没有列为零的稀疏矩阵行

Question

I have a matrix like this:

A = sp.csr_matrix(np.array(
      [[1, 1, 2, 1],
       [0, 0, 2, 0],
       [1, 4, 1, 1],
       [0, 1, 0, 0]]))

I want to get all the rows where all columns are nonzero, so I can then get their sum. Either as an array:

rows = [True, False, True, False]
result = A[rows].sum()

Or as indices:

rows = [0, 2]
result = A[rows].sum()

I am stuck however at the first part, figuring out which rows to include in the sum, as most results seem to be looking for the opposite (rows where all columns are zero).

Answer 1

It is a bit easier to do for numpy arrays than for sparse ones. If you do not mind converting to numpy as an intermediate step, you can get the right rows via

(A.toarray() != 0).all(axis=1)

to produce

array([ True, False,  True, False])

and then use it in indexing A as such:

A[(A.toarray() != 0).all(axis=1),:].sum()

returns 12

Answer 2

In [35]: from scipy import sparse
In [36]: A = sparse.csr_matrix(np.array(
    ...:       [[1, 1, 2, 1],
    ...:        [0, 0, 2, 0],
    ...:        [1, 4, 1, 1],
    ...:        [0, 1, 0, 0]]))
In [37]: A
Out[37]: 
<4x4 sparse matrix of type '<class 'numpy.int64'>'
    with 10 stored elements in Compressed Sparse Row format>

Sparse doesn't do 'all/any' kinds of operations because they treat 0's as significant values.

all on the dense equivalent works nicely:

In [41]: A.A.all(axis=1)
Out[41]: array([ True, False,  True, False])

On the sparse one we can turn the dtype to boolean, and sum along the axis. And then test it for the full value:

In [42]: A.astype(bool).sum(axis=1)
Out[42]: 
matrix([[4],
        [1],
        [4],
        [1]])
In [43]: A.astype(bool).sum(axis=1).A1==4
Out[43]: array([ True, False,  True, False])

Notice that the sparse sum returns a np.matrix . I used A1 to turn that into a 1d array.

If the matrix isn't too large, working with the dense array may be faster. Sparse operations like sum are actually performed with matrix multiplication.

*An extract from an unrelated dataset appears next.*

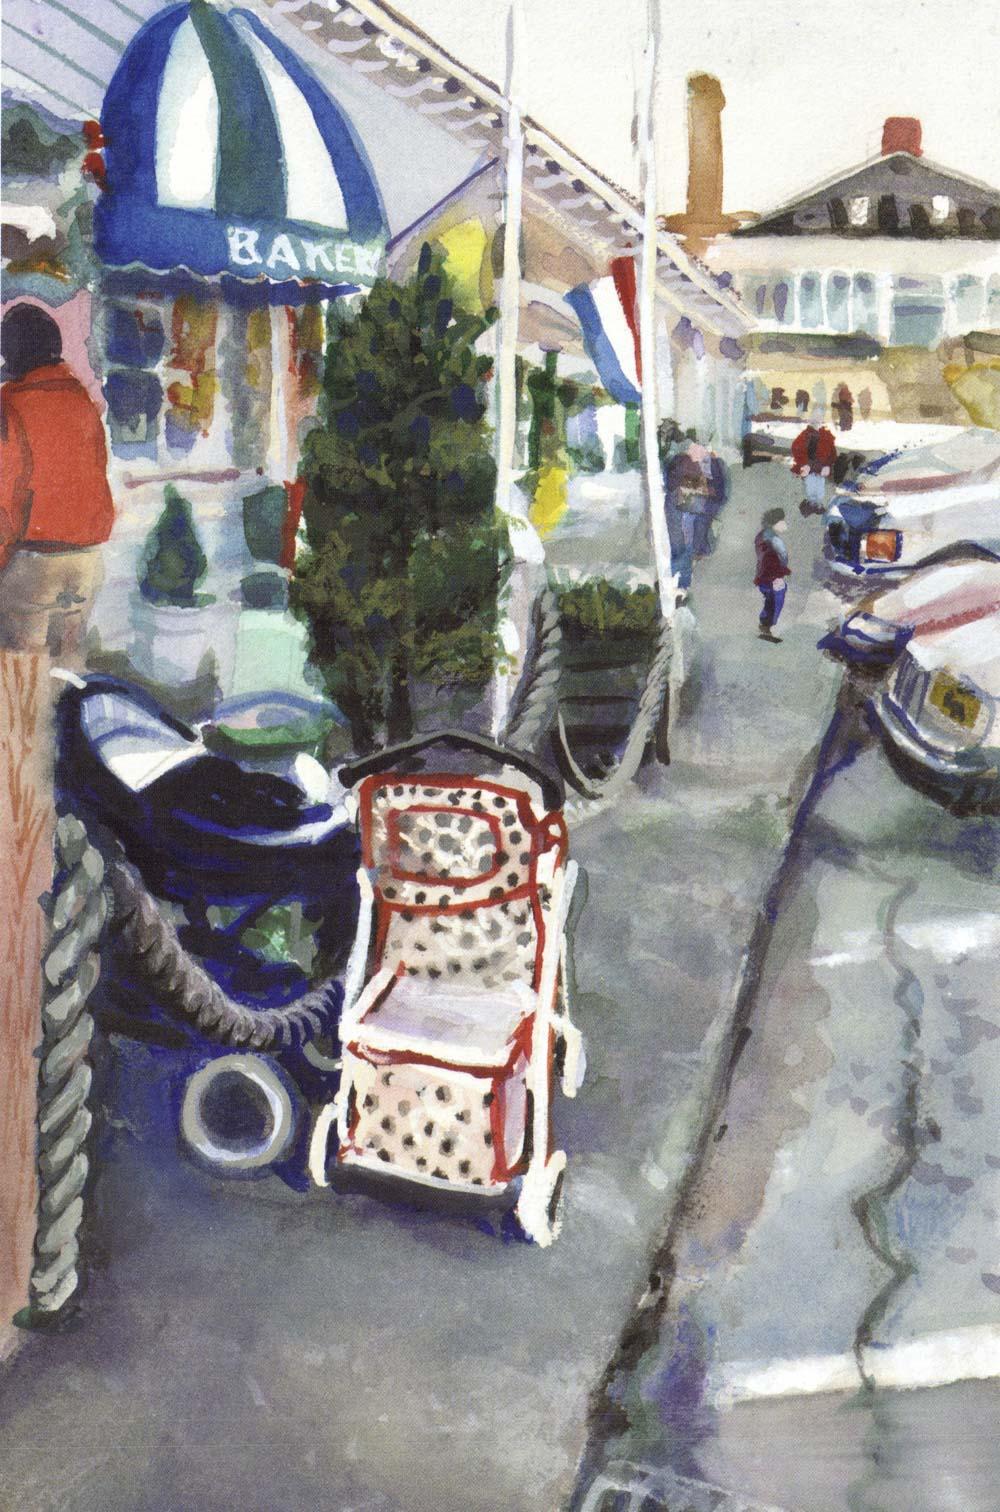 Jamestown waterfront, Fall 1997
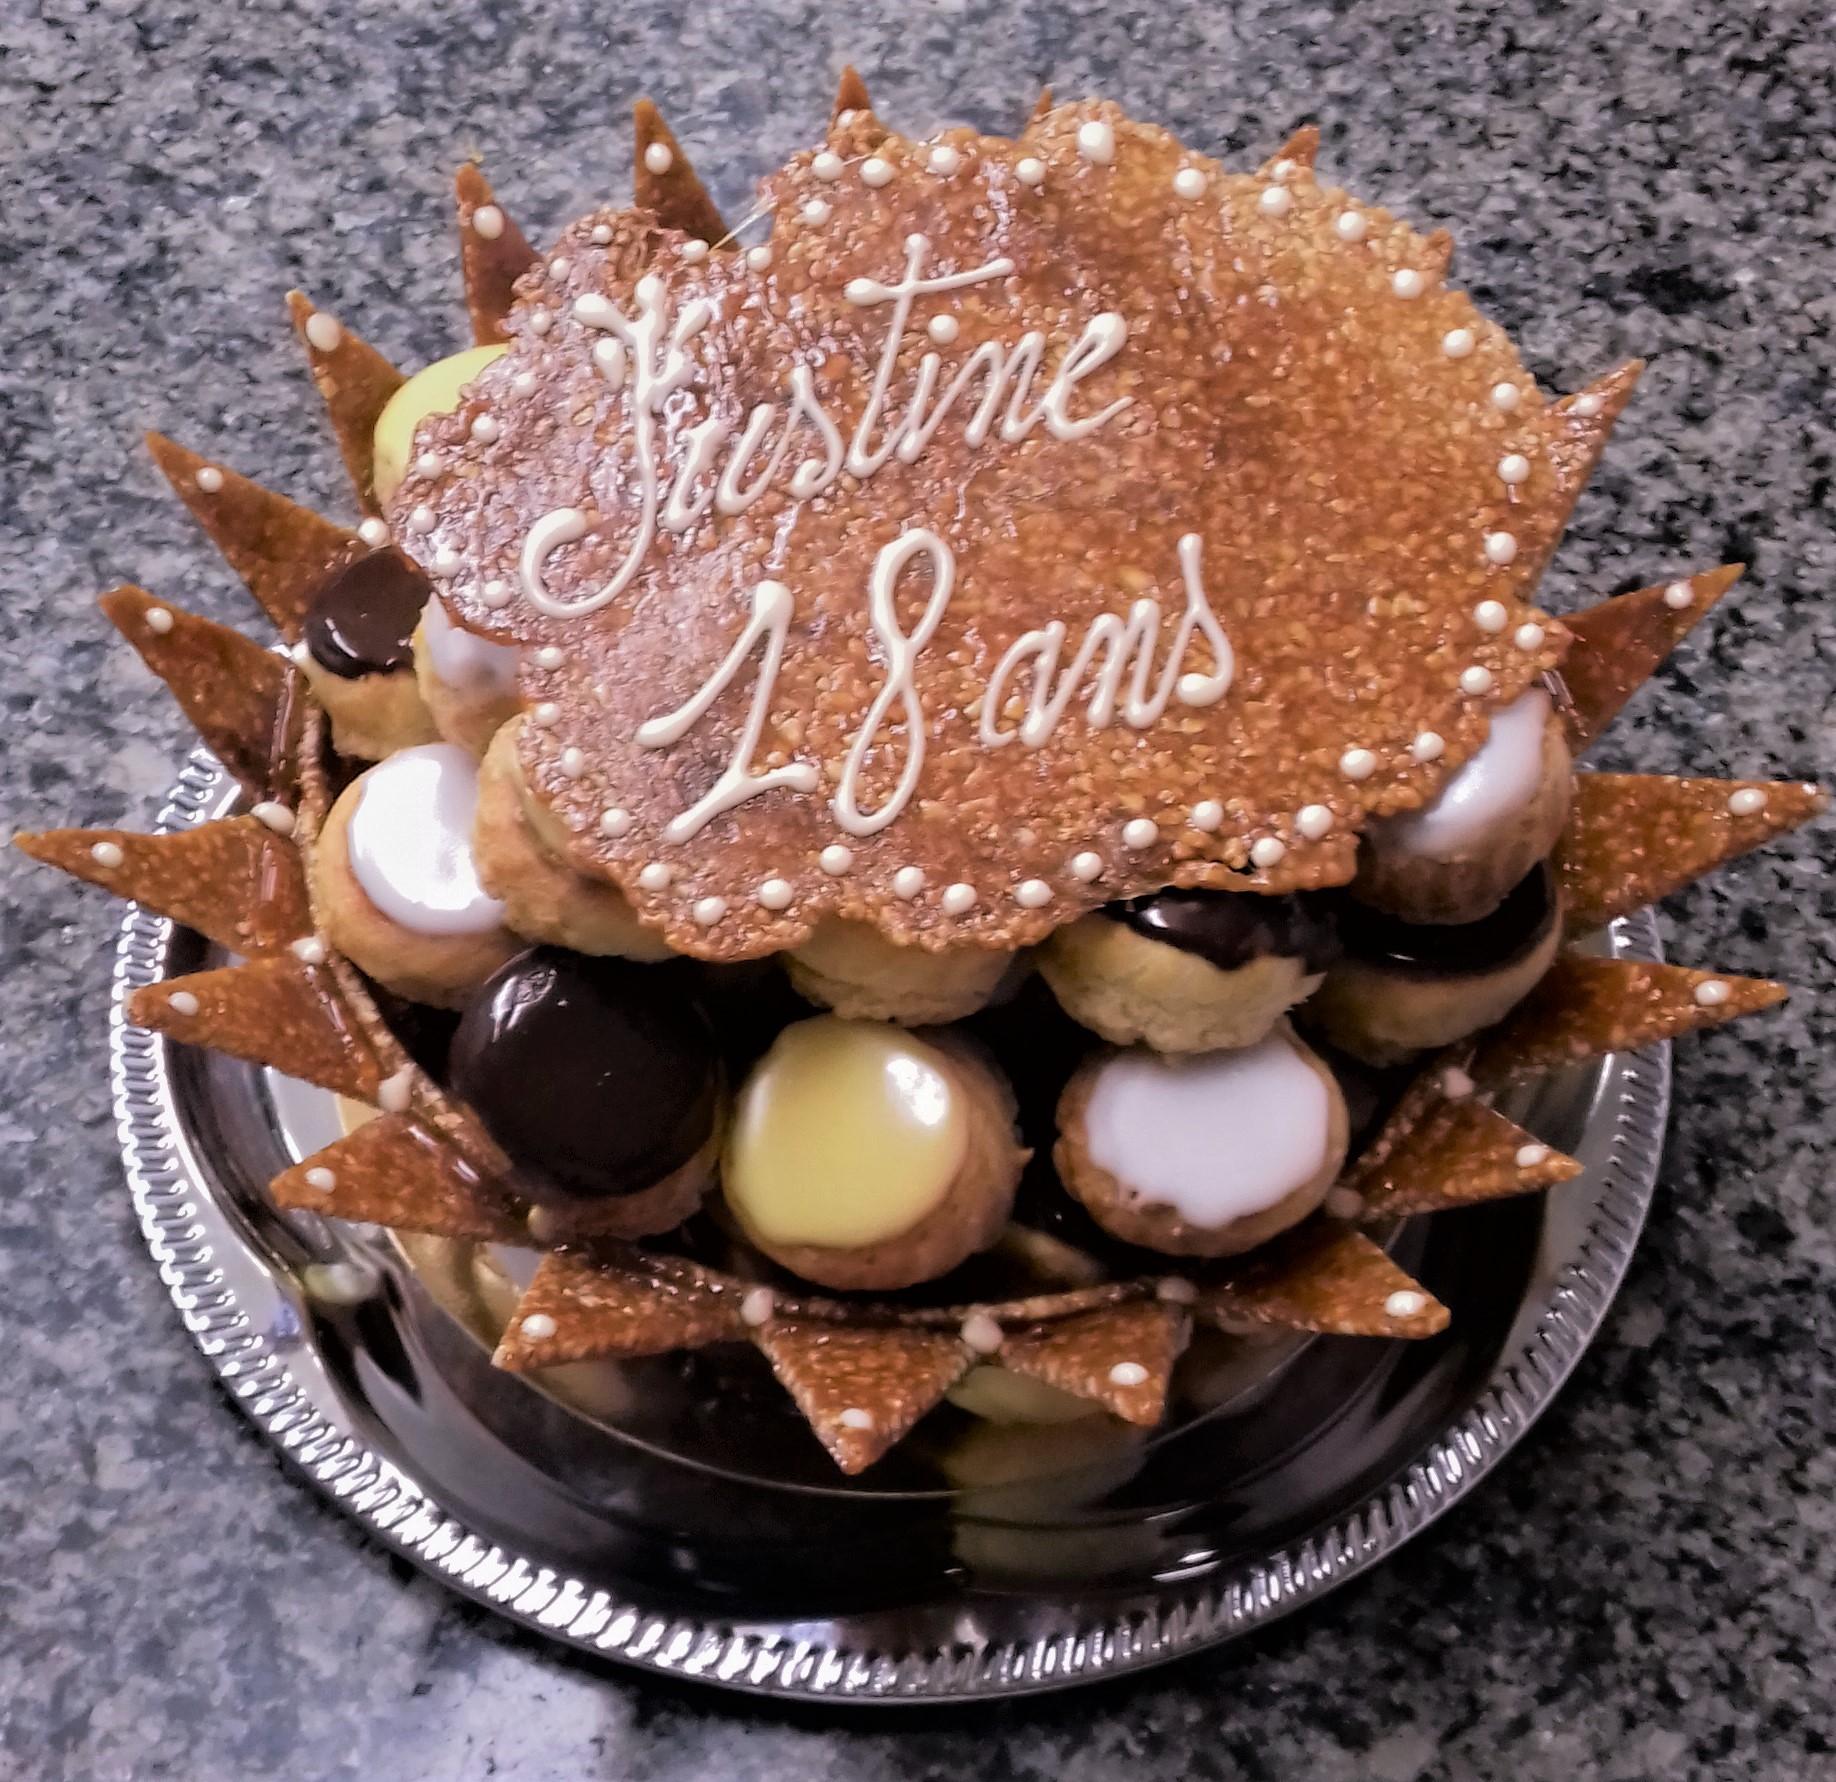 Coupe nougatine avec choux vanille chocolat framboise et mangue passion

In [51]: A.astype(bool)@np.ones(4,int)
Out[51]: array([4, 1, 4, 1])

Or we could convert it to lil format, and look at the length of the 'rows':

In [67]: A.tolil().data
Out[67]: 
array([list([1, 1, 2, 1]), list([2]), list([1, 4, 1, 1]), list([1])],
      dtype=object)
In [68]: [len(i) for i in A.tolil().data]
Out[68]: [4, 1, 4, 1]

But wait, there's more. The indptr attribute of the csr is:

In [69]: A.indptr
Out[69]: array([ 0,  4,  5,  9, 10], dtype=int32)
In [70]: np.diff(A.indptr)
Out[70]: array([4, 1, 4, 1], dtype=int32)

I've omitted some test timings, but this last is clearly the fastest!